Work task | From the listing below, restate word for word the lines from the line containing "Palissade Chair with" down through the line containing "Elon Musk's extreme". Exclude pictures.

Provided records |
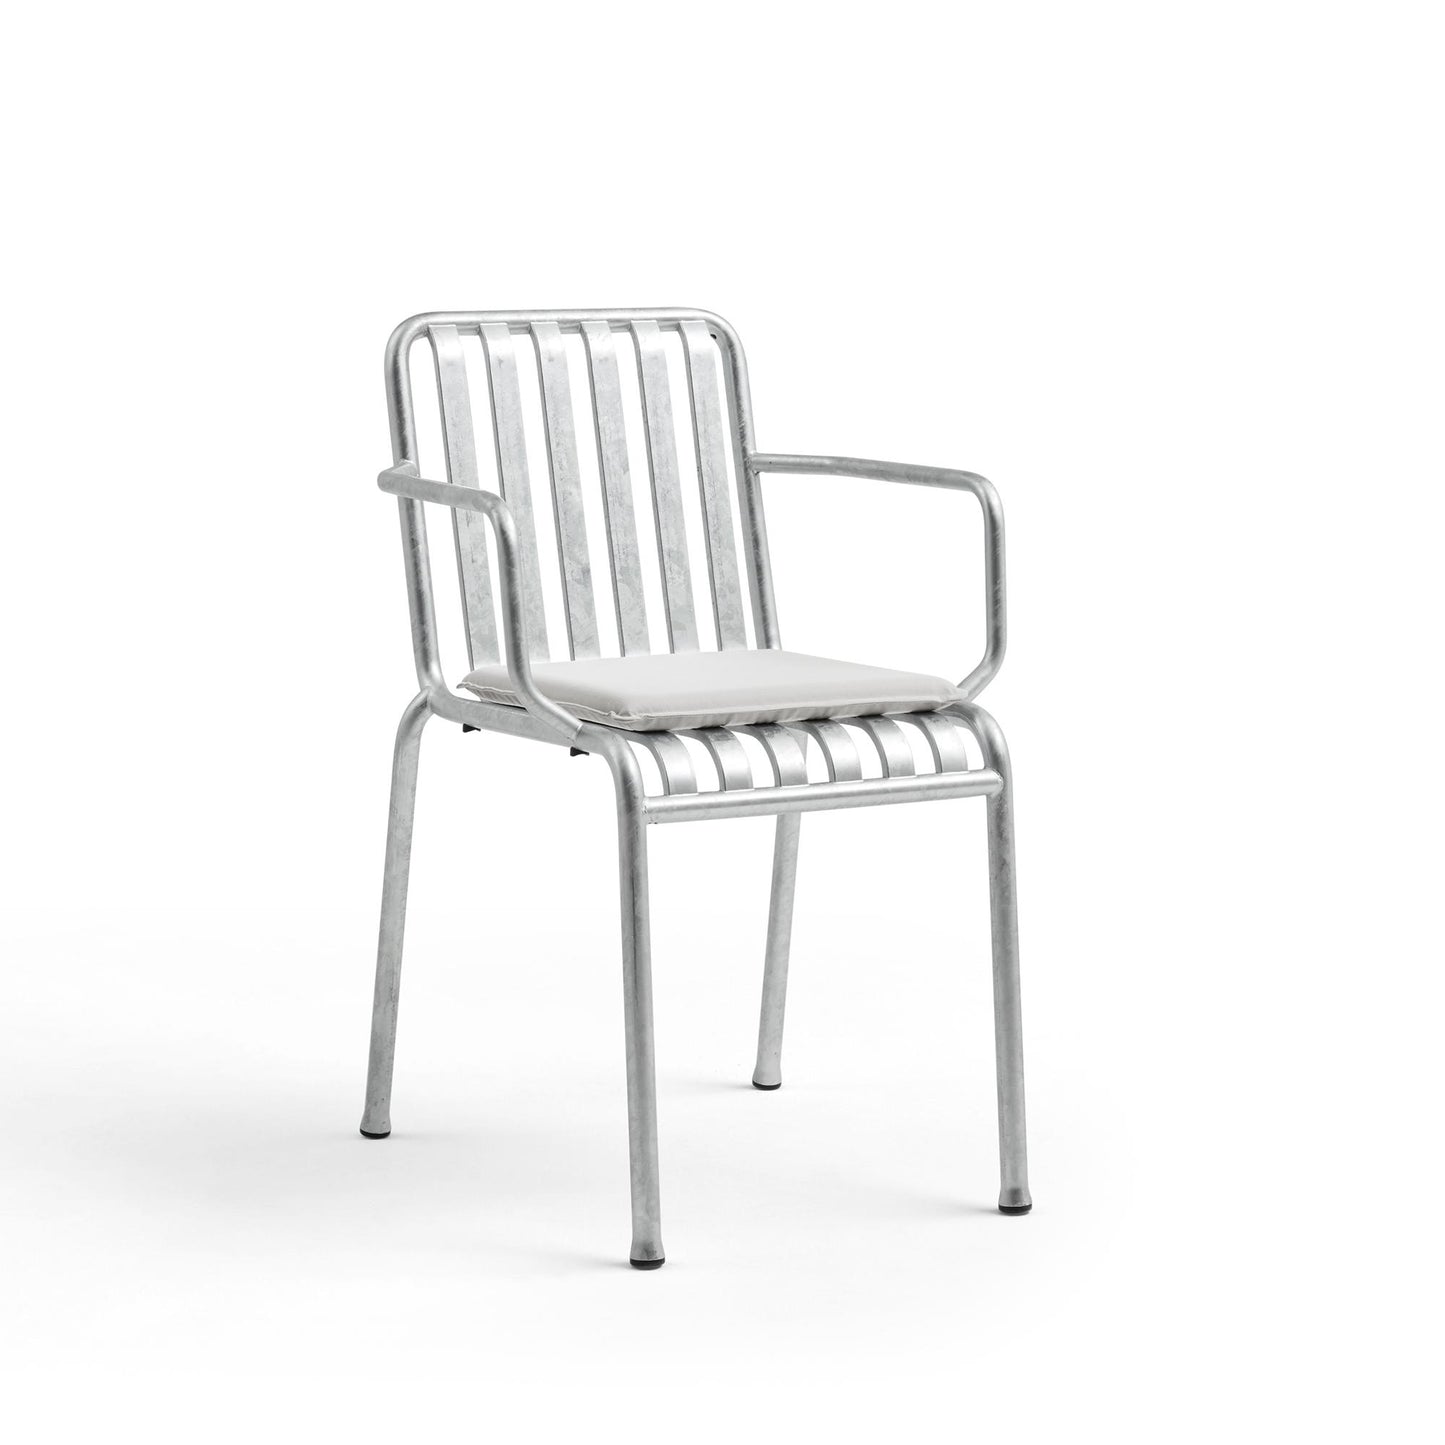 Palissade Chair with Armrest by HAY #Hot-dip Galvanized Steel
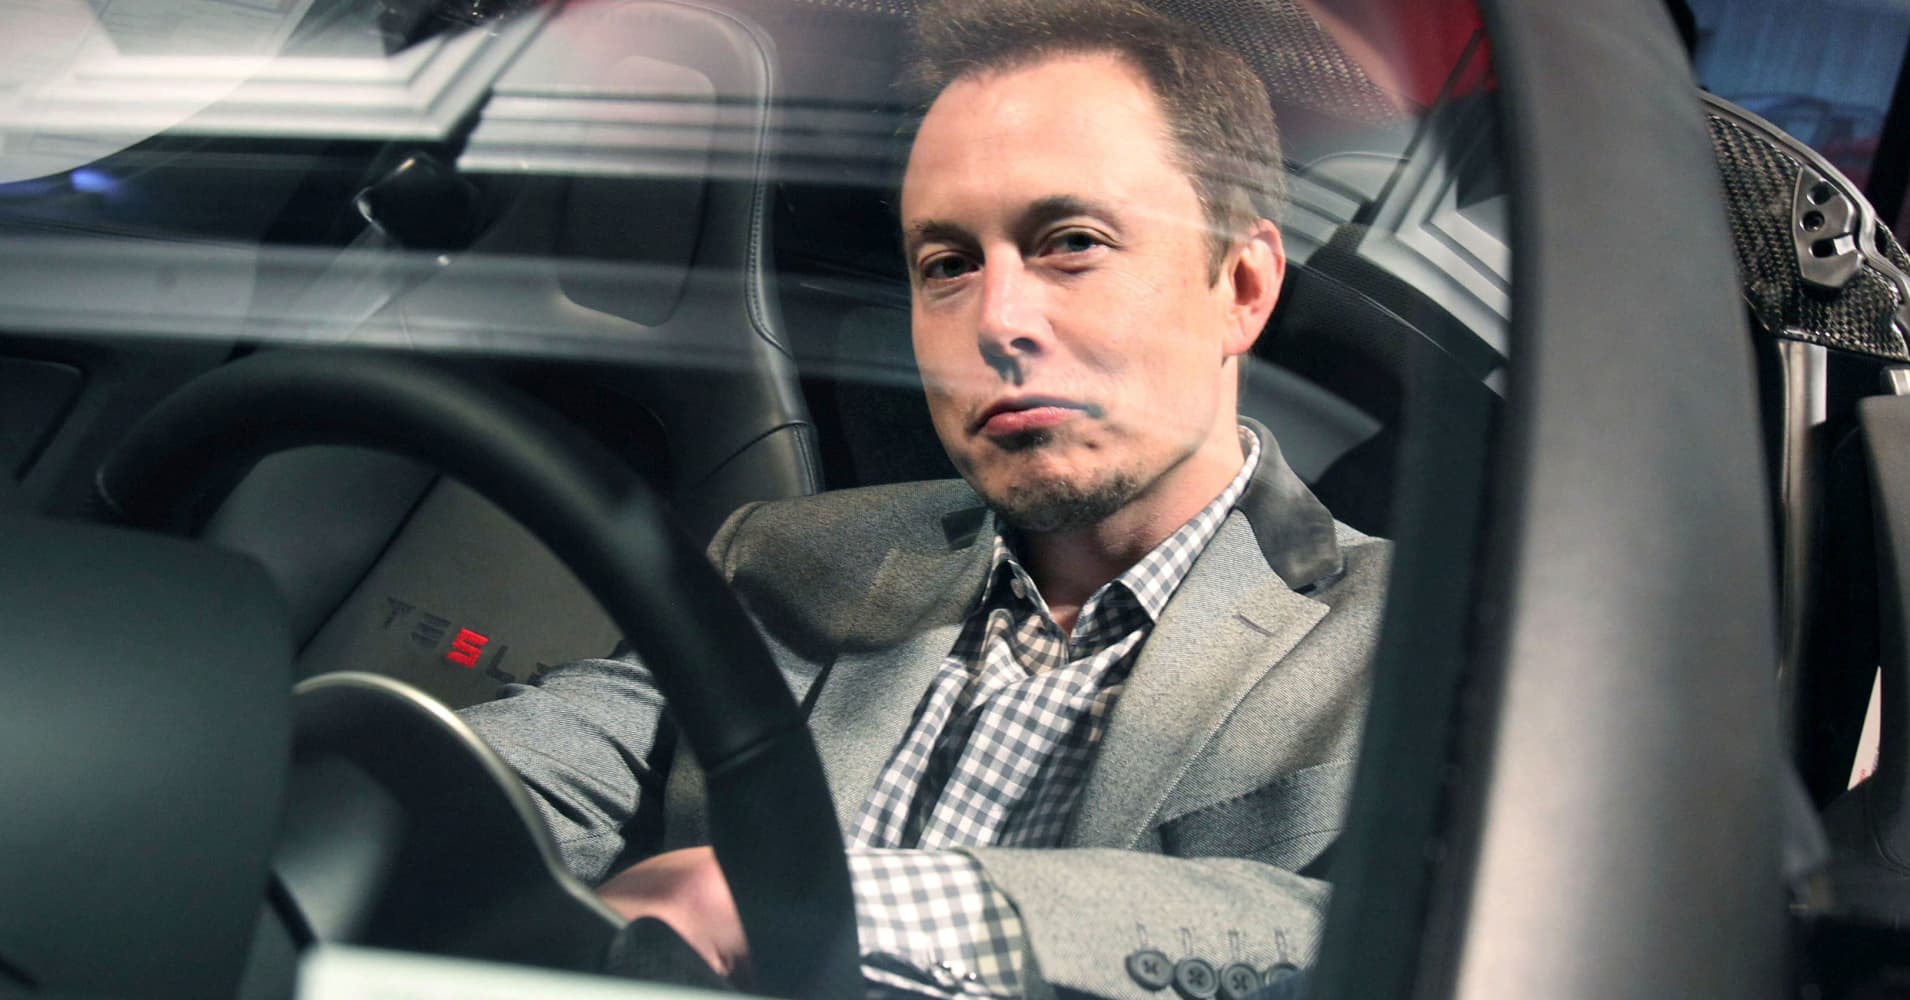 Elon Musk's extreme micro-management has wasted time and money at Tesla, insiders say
* * *
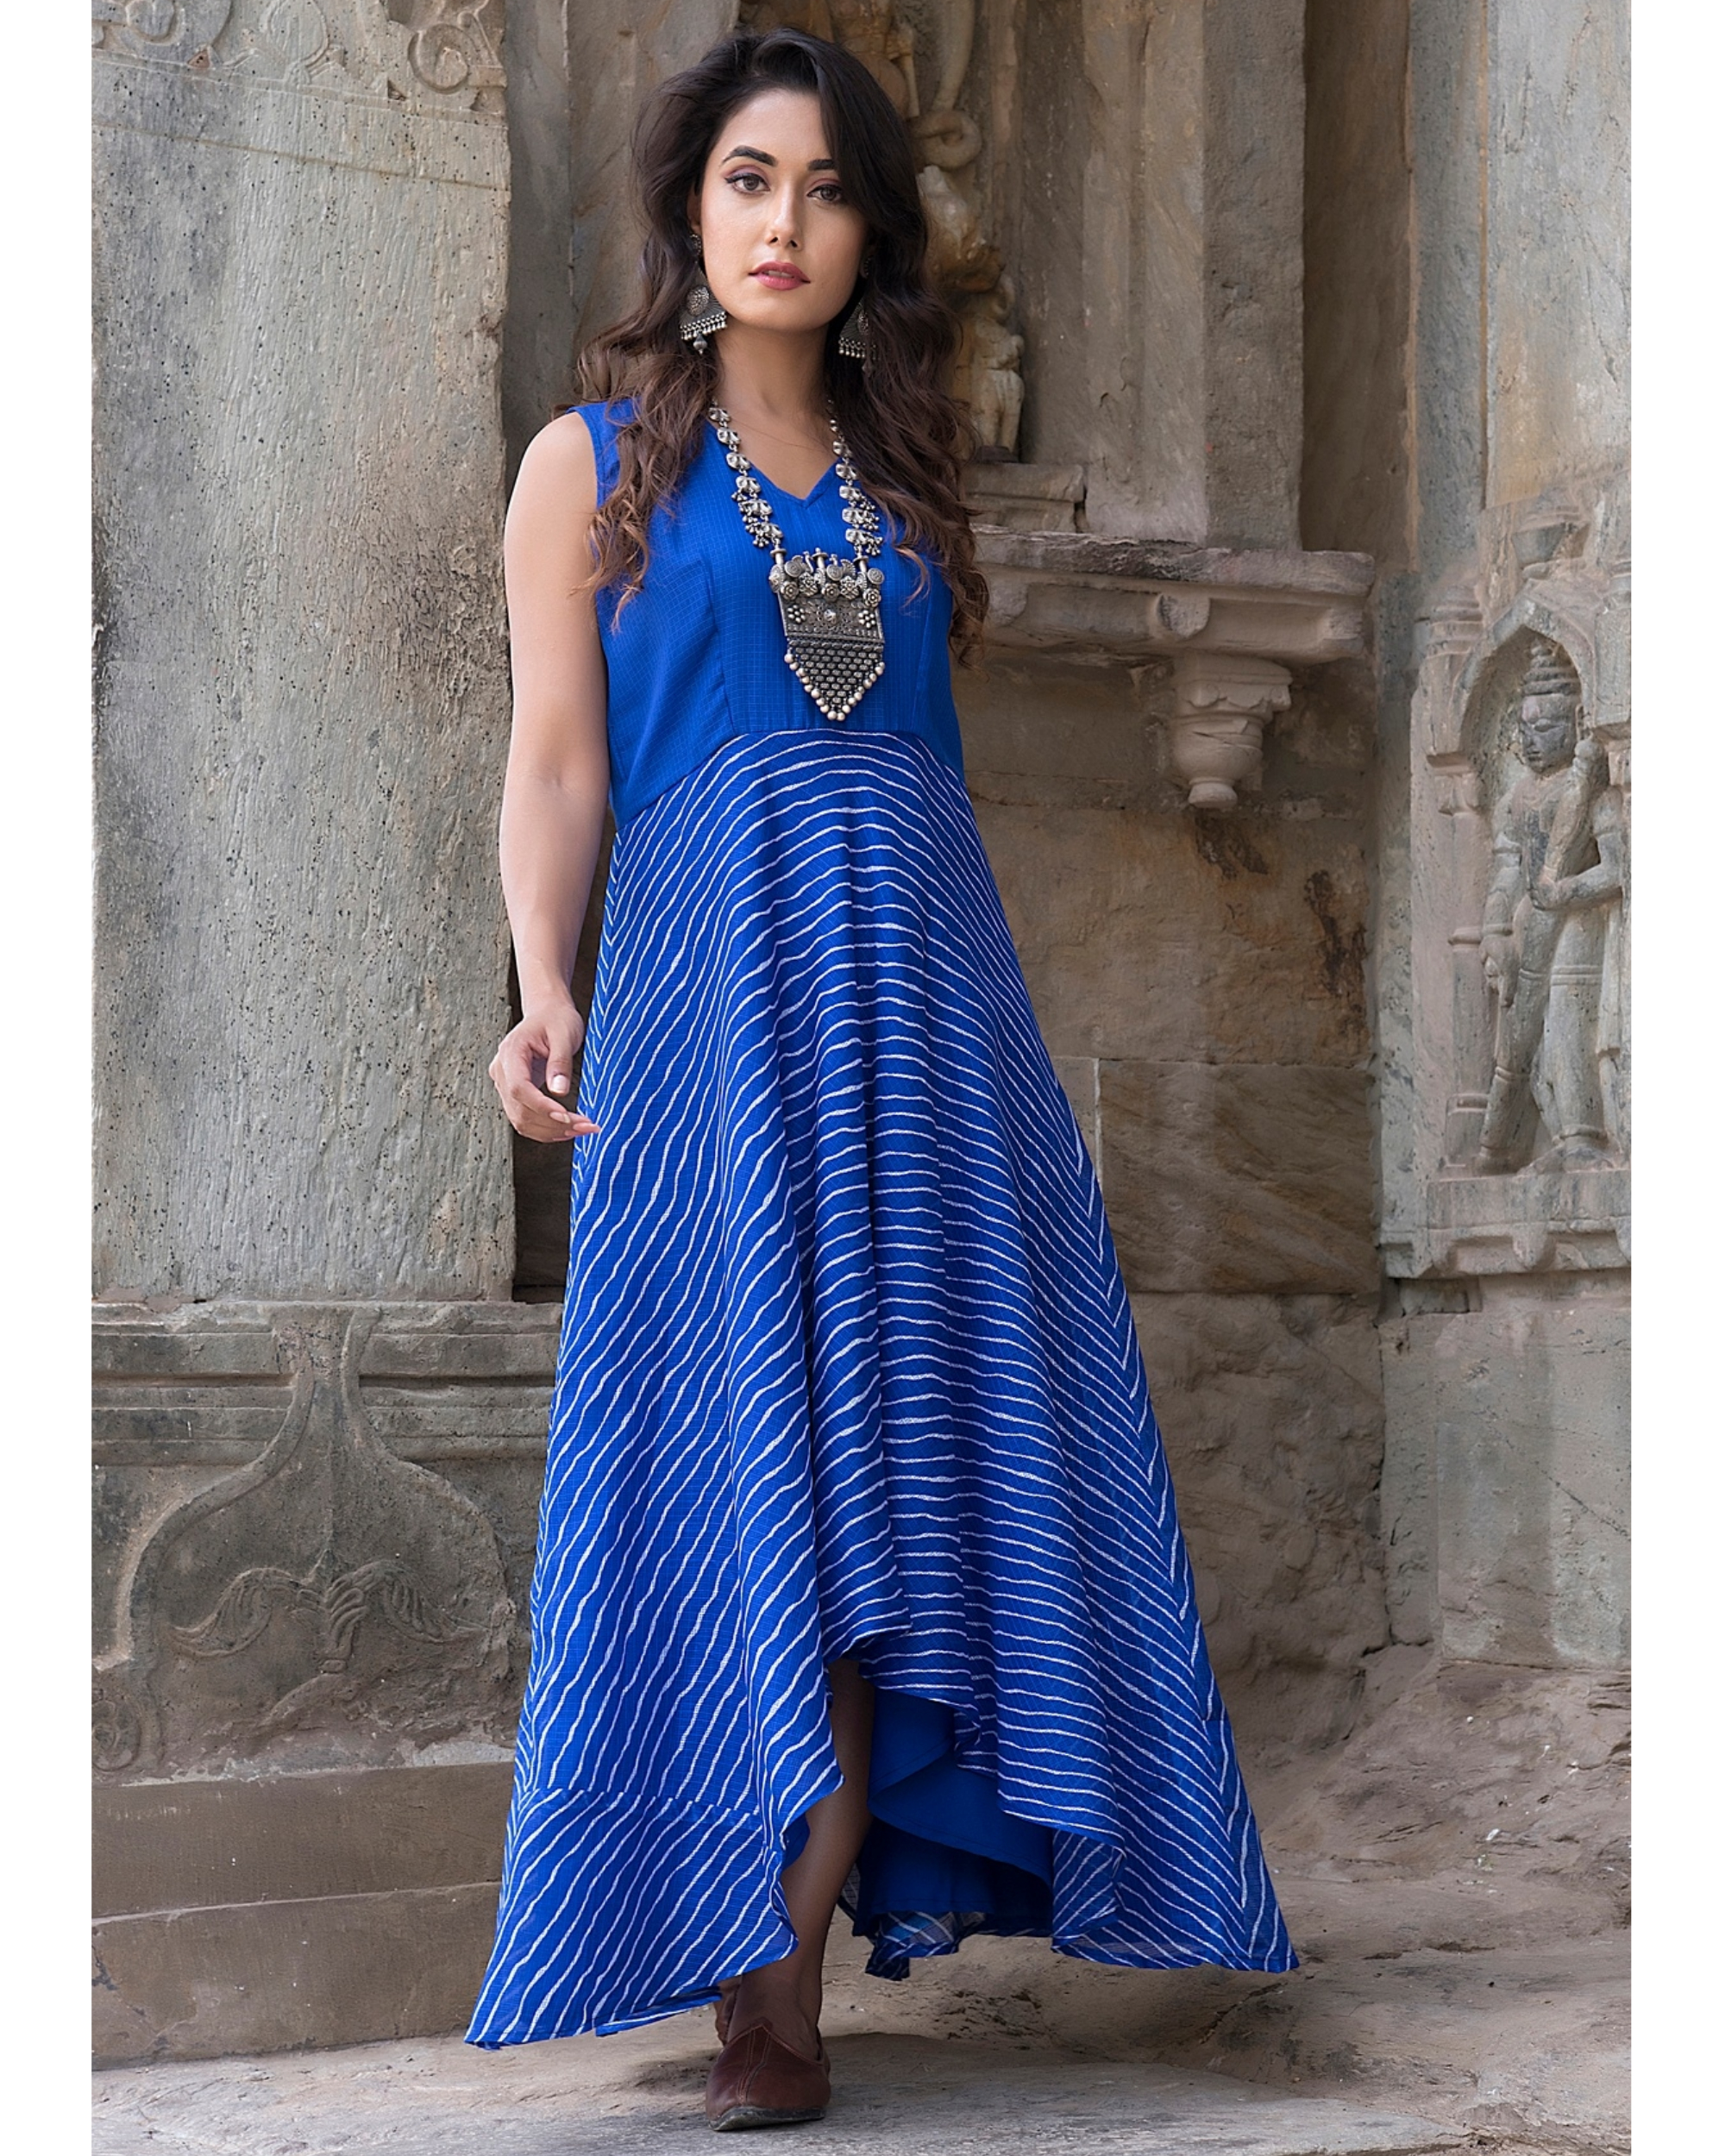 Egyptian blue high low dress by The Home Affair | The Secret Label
--
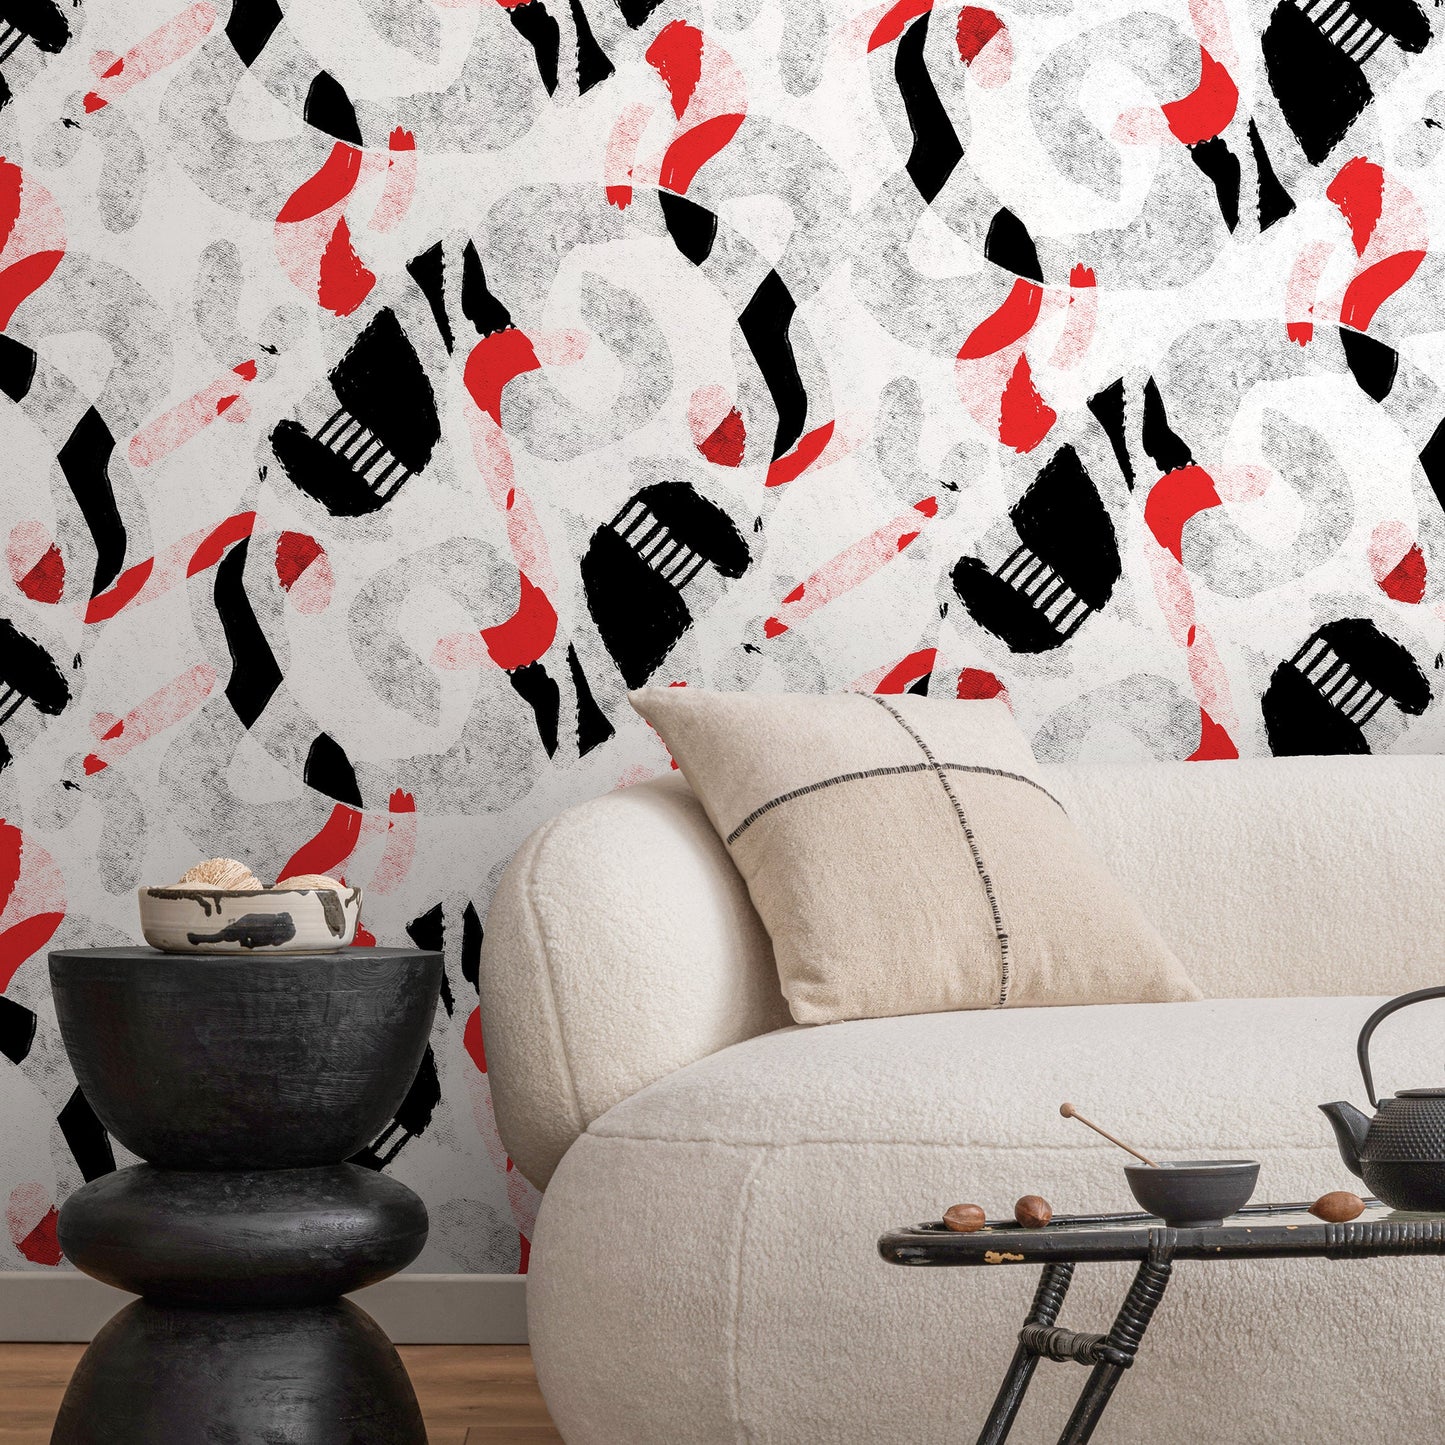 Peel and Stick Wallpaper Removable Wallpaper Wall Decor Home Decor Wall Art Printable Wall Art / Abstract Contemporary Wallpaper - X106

Result |
 Palissade Chair with Armrest by HAY #Hot-dip Galvanized Steel
 Elon Musk's extreme micro-management has wasted time and money at Tesla, insiders say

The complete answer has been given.